In our Beyond Divide and Conquer: Unite and Build Racial Equity training, we pose the question, “what is the greatest fear that you have about something a person of another race will do to you?“ We have all these unspoken fears that shape our behaviors many times without us even realizing it. Naming our fear is essential to our healing. Sometimes these fears are based in facts and other times these fears are based in false narratives that we have been made to believe. If we do not name them, we cannot move forward with analyzing the root cause of the fear. In the training, we also ask people to name their feelings after hearing stories. Anger is a common one.
People naming their feeling is a first step to the healing needed to transform our communities.

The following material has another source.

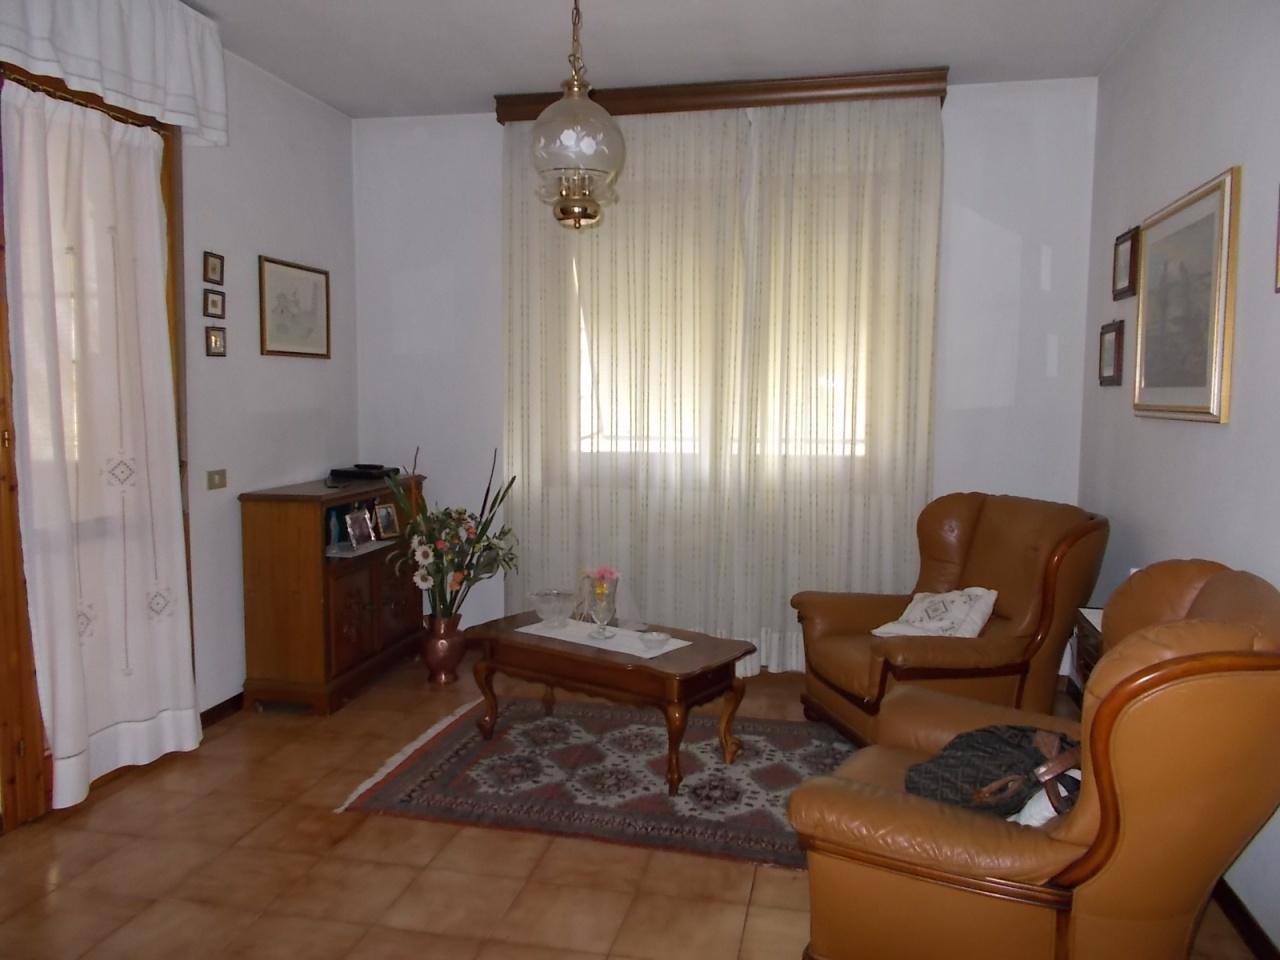 Appartamento 5 locali in vendita a Serravalle Pistoiese (PT)
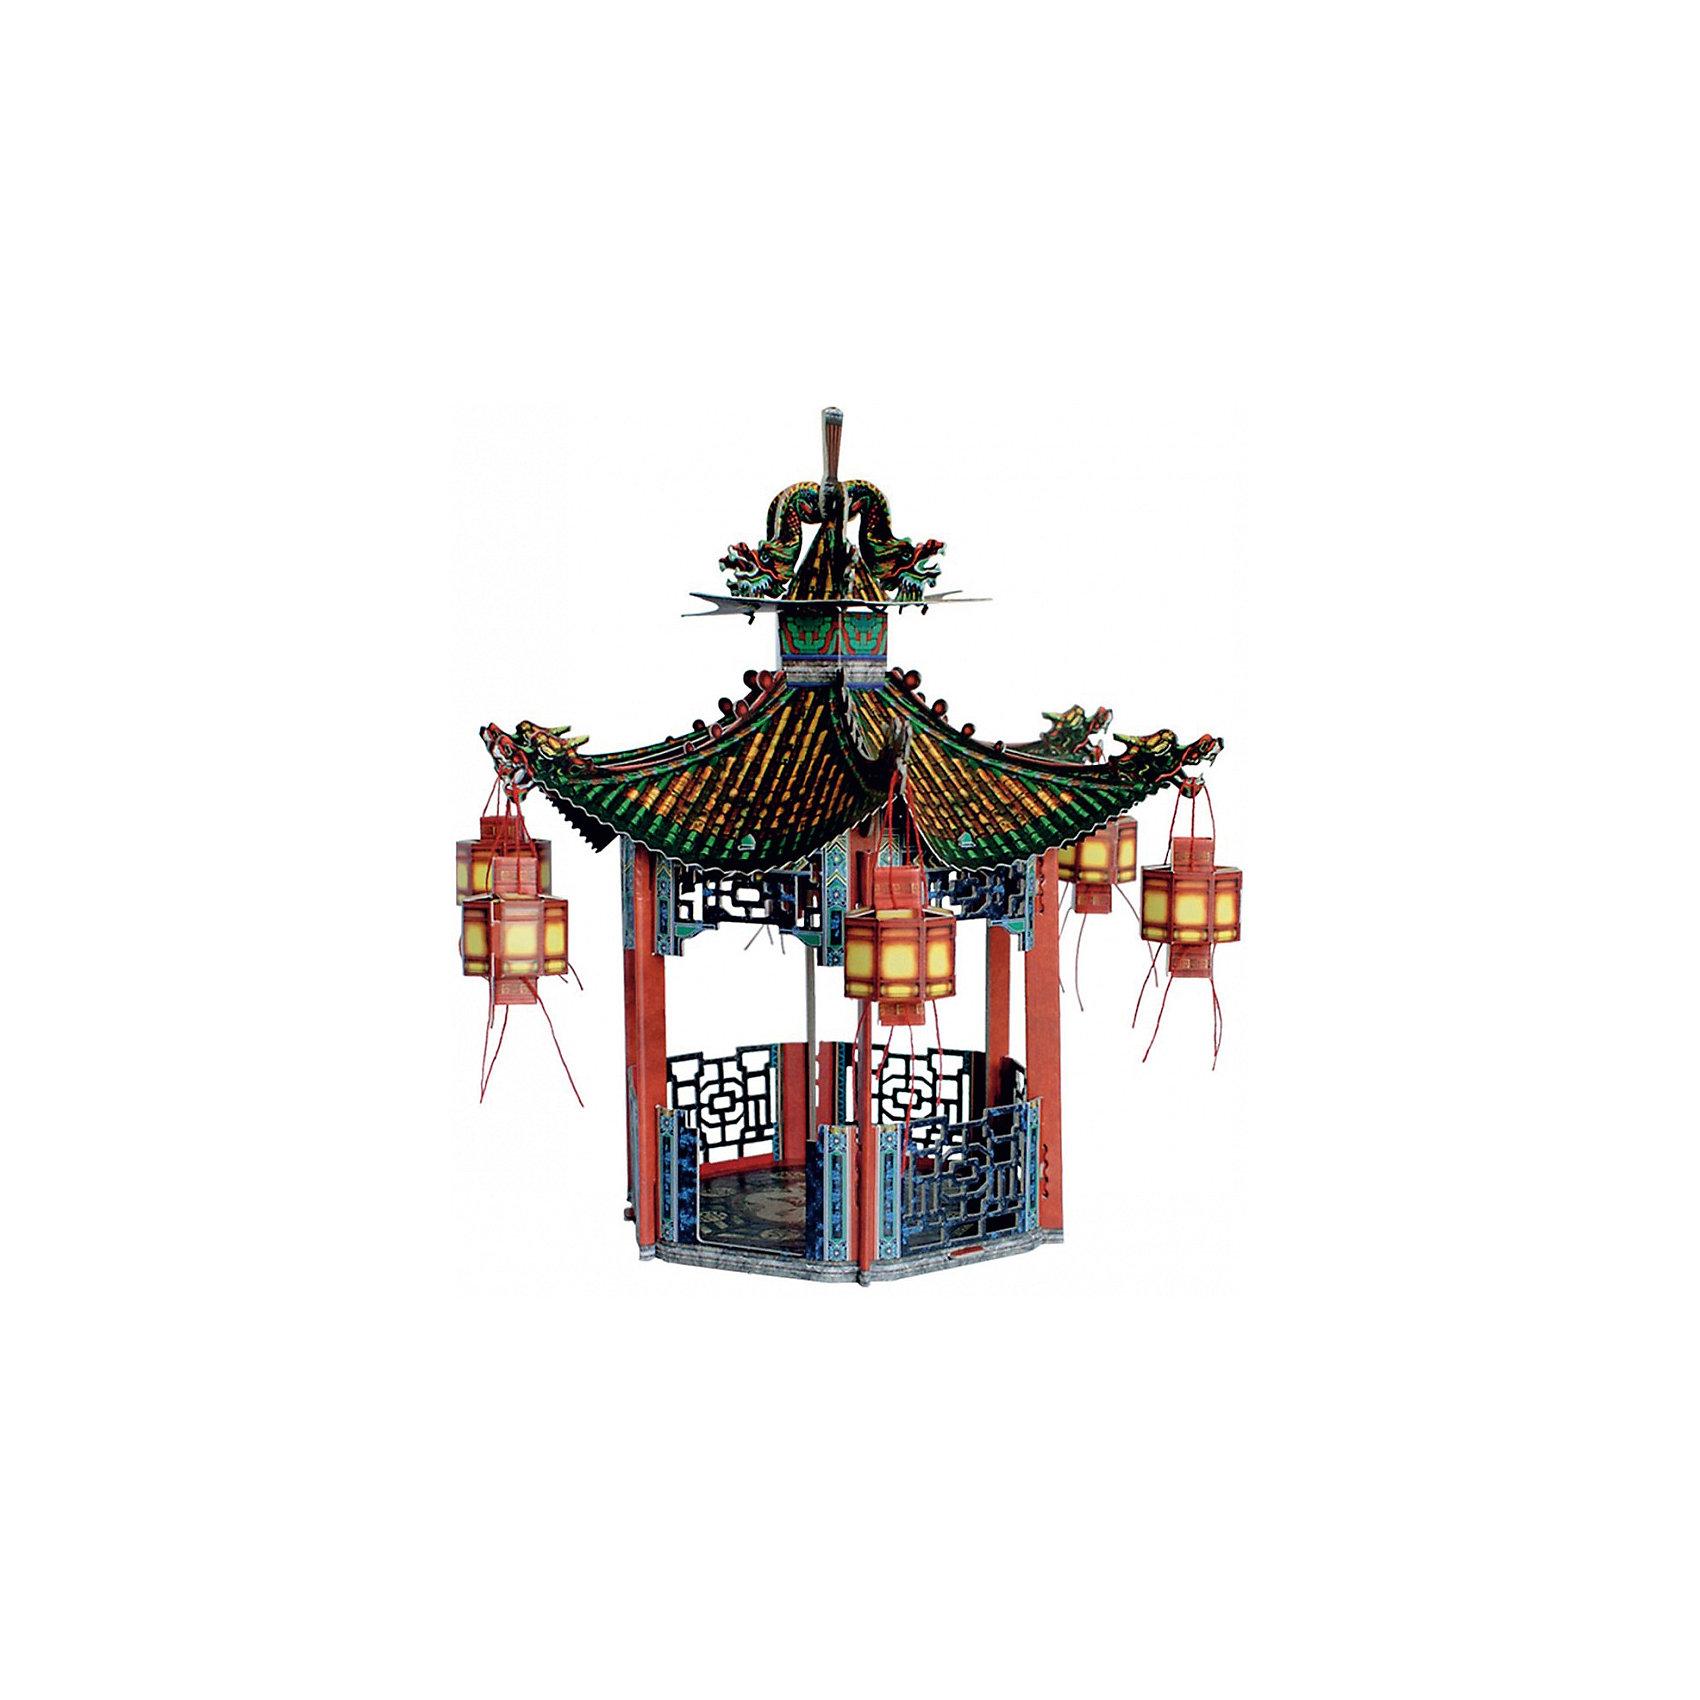 Сборная модель Китайская беседкаКитайская беседка - cборная модель из картона. Размер упаковки, мм.:  высота 368 ширина 252 глубина 23. Тип упаковки: Картонная коробка. Вес, гр.: 334. Возраст: от 9 лет. Все модели и игрушки, созданные по технологии УМНАЯ БУМАГА собираются без ножниц и клея, что является их неповторимой особенностью.<br>Принцип соединения деталей запатентован. Соединения деталей продуманы и просчитаны с такой точностью, что при правильной сборке с моделью можно играть, как с обычной игрушкой.<br><br>Ширина мм: 252<br>Глубина мм: 23<br>Высота мм: 368<br>Вес г: 334<br>Возраст от месяцев: 108<br>Возраст до месяцев: 2147483647<br>Пол: Унисекс<br>Возраст: Детский<br>SKU: 4807407

We must name our fears and feelings, but we cannot dwell in it. If we nurture our fear and anger instead of our healing, it is destructive to us and everyone around us. Dr. King said in his sermon “Antidotes for Fear,” “Normal fear protects us; abnormal fear paralyzes us. Normal fear motivates us to improve our individual and collective welfare; abnormal fear constantly poisons and distorts our inner lives. Our problem is not to be rid of fear but rather to harness and master it.” He names four antidotes for fear: acknowledgement and awareness, courage, faith and love.
He said, “Hate is rooted in fear and the only cure for fear-hate is love.... Hatred and bitterness can never cure the disease of fear; only love can do that.” “There is no fear in love. But perfect love drives out fear.” 1 John 4. So, let us stop allowing fear and anger to divide us but we must use the power of love to unite us, so we can heal and transform our communities.
Disclaimer: The views and opinions expressed here are those of the author and do not necessarily reflect the official policy or position of the SCNTR.